Nikah Beda Agama Digugat di MK, Ini Pokok Masalah yang Membuat Warga Rugi dan Menggugat

Sumber Foto: Humas MK
 

WARTAALENGKA, Jakarta - Aturan nikah beda agama kembali diuji ke Mahkamah Konstitusi. Muhamad Anugrah Firmansyah mengajukan permohonan agar Pasal 2 ayat 1 Undang Undang Perkawinan No 1 Tahun 1974 tidak lagi dimaknai menutup pencatatan perkawinan antaragama. Ia menyebut norma tersebut memunculkan multitafsir dan berujung ketidakpastian hukum bagi warga yang berada pada situasi serupa dengannya.

Anugrah yang beragama Islam telah menjalin hubungan dengan perempuan beragama Kristen selama dua tahun. Ia menilai relasi yang saling menghormati keyakinan mestinya dapat dilanjutkan ke pernikahan secara sah di hadapan negara. Dalam sidang perdana di MK ia menegaskan kerugian konstitusionalnya bersifat nyata karena terhalang pasal yang berbunyi “Perkawinan adalah sah apabila dilakukan menurut hukum masing masing agamanya dan kepercayaannya itu”.

Argumentasi pemohon bertumpu pada dua hal. Pertama penerapan Pasal 2 ayat 1 kerap dimaknai sebagai larangan pencatatan bagi pasangan beda agama sehingga hanya perkawinan seagama yang dapat dicatatkan. Kedua tata cara pada Undang Undang Administrasi Kependudukan yang membuka opsi penetapan pengadilan tidak berjalan konsisten. Ada pengadilan yang mengabulkan permohonan pencatatan namun tidak sedikit yang menolak. Kondisi ini membuat warga bergantung pada tafsir hakim sehingga kesetaraan di depan hukum sulit terjamin.
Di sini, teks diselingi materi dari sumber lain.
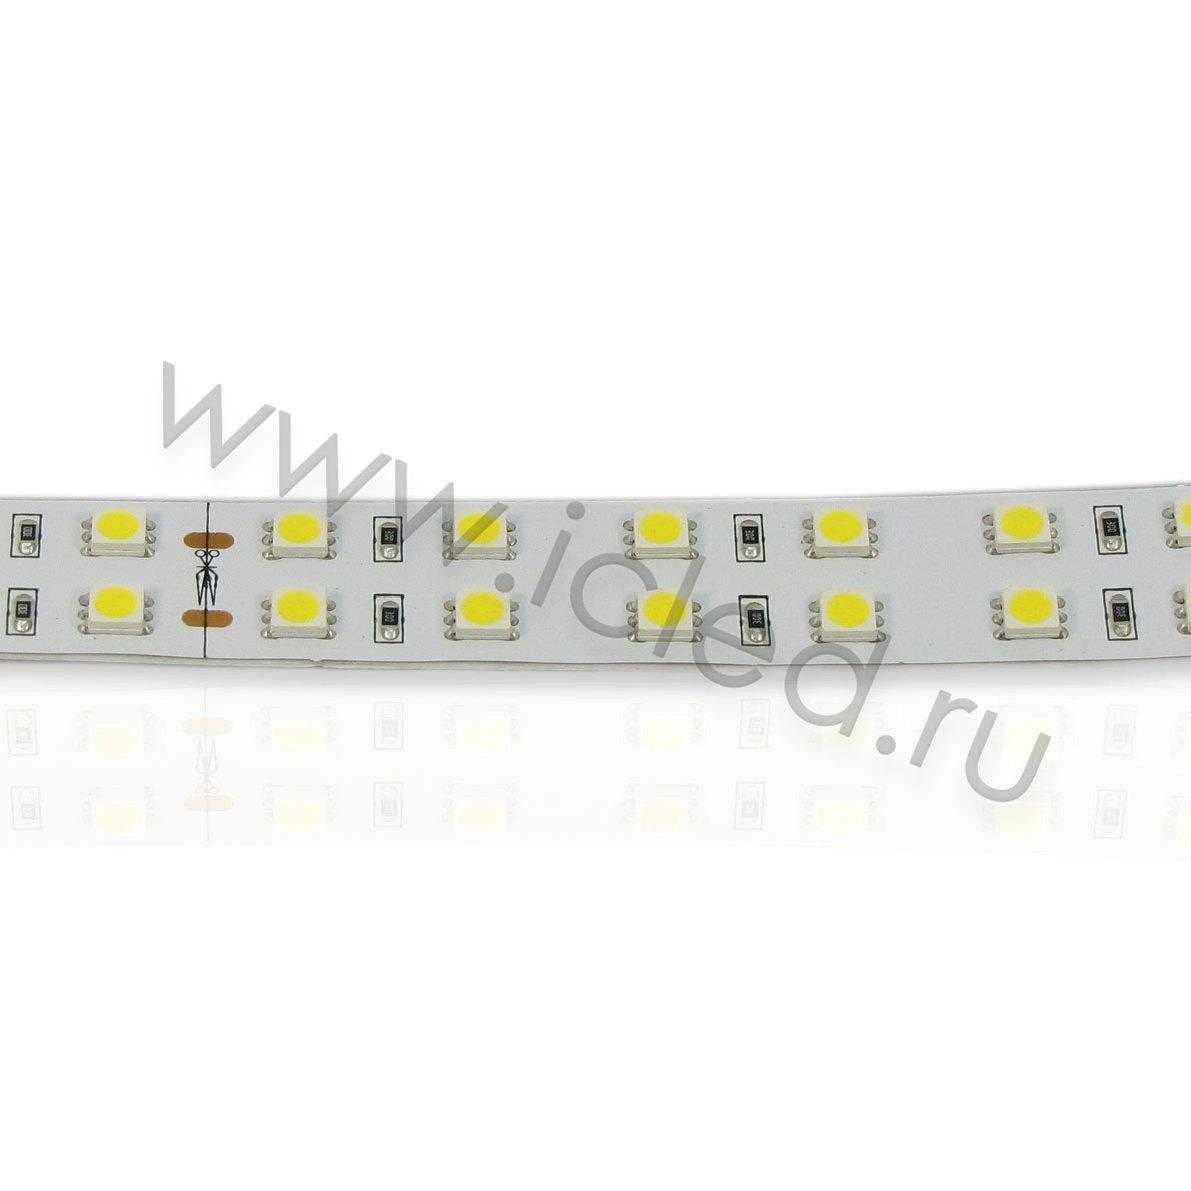 Светодиодная лента Class B, 5050, 120 led/m, Warm White, 24V, IP33

Anugrah juga menyoroti keluarnya Surat Edaran Mahkamah Agung Nomor 2 Tahun 2023 yang pada pokoknya meminta pengadilan tidak mengabulkan pencatatan perkawinan beda agama. Menurutnya keberadaan edaran tersebut mempertegas urgensi uji materi karena menutup salah satu jalur administratif yang pernah digunakan sebagian pemohon di daerah.

Permohonan teregister dengan nomor 212 PUU XXIII 2025. Melalui perkara ini pemohon meminta MK menegaskan bahwa Pasal 2 ayat 1 tidak boleh dijadikan alasan untuk menolak penetapan pencatatan perkawinan antarumat berbeda agama dan kepercayaan. Indonesia adalah masyarakat majemuk sehingga interaksi sosial yang melampaui sekat agama suku dan budaya akan terus terjadi. Dalam konteks itu kepastian hukum menjadi kebutuhan bukan sekadar wacana.
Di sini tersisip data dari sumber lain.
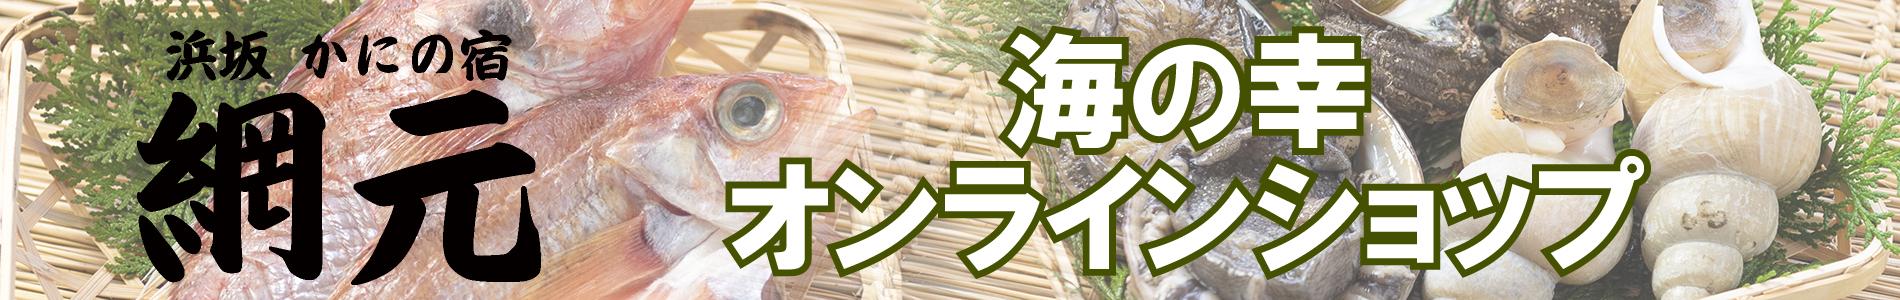 網元 浜坂海の幸オンラインショップ

Secara substantif perkara ini menguji keseimbangan antara kebebasan beragama yang diakui konstitusi dan kepastian layanan administrasi yang menjadi kewajiban negara. Apabila MK menafsirkan norma secara lebih inklusif maka ruang administrasi kependudukan akan selaras dengan realitas sosial. Apabila MK mempertahankan tafsir yang restriktif maka peta jalan warga yang memilih nikah beda agama tetap bergantung pada konversi keyakinan atau pernikahan di luar yurisdiksi yang berisiko tidak tercatat. Putusan MK akan menjadi rujukan utama bagi Dukcapil pengadilan dan para pihak sehingga sengkarut tafsir dapat dihentikan di hulu.

“Kerugian konstitusional pemohon bersifat spesifik dan aktual. Akibat ketentuan a quo, menyebabkan pemohon tidak dapat melangsungkan perkawinan dengan pasangan yang memiliki agama berbeda,” ujar Anugrah dalam persidangan (12/11/2025). Ia menambahkan penafsiran yang menutup pencatatan telah menimbulkan ketidaksamaan perlakuan dan menggantungkan nasib warga pada variasi putusan di tiap daerah.

Pada akhirnya perkara ini bukan hanya tentang satu pasangan. Uji materi Pasal 2 ayat 1 menjadi tolok ukur sejauh mana hukum keluarga di Indonesia mampu mengakomodasi kemajemukan sembari tetap menghormati norma keagamaan. Kepastian prosedur yang jelas akan mencegah praktik yang berbeda beda dan mengurangi sengketa administratif yang selama ini kerap berulang.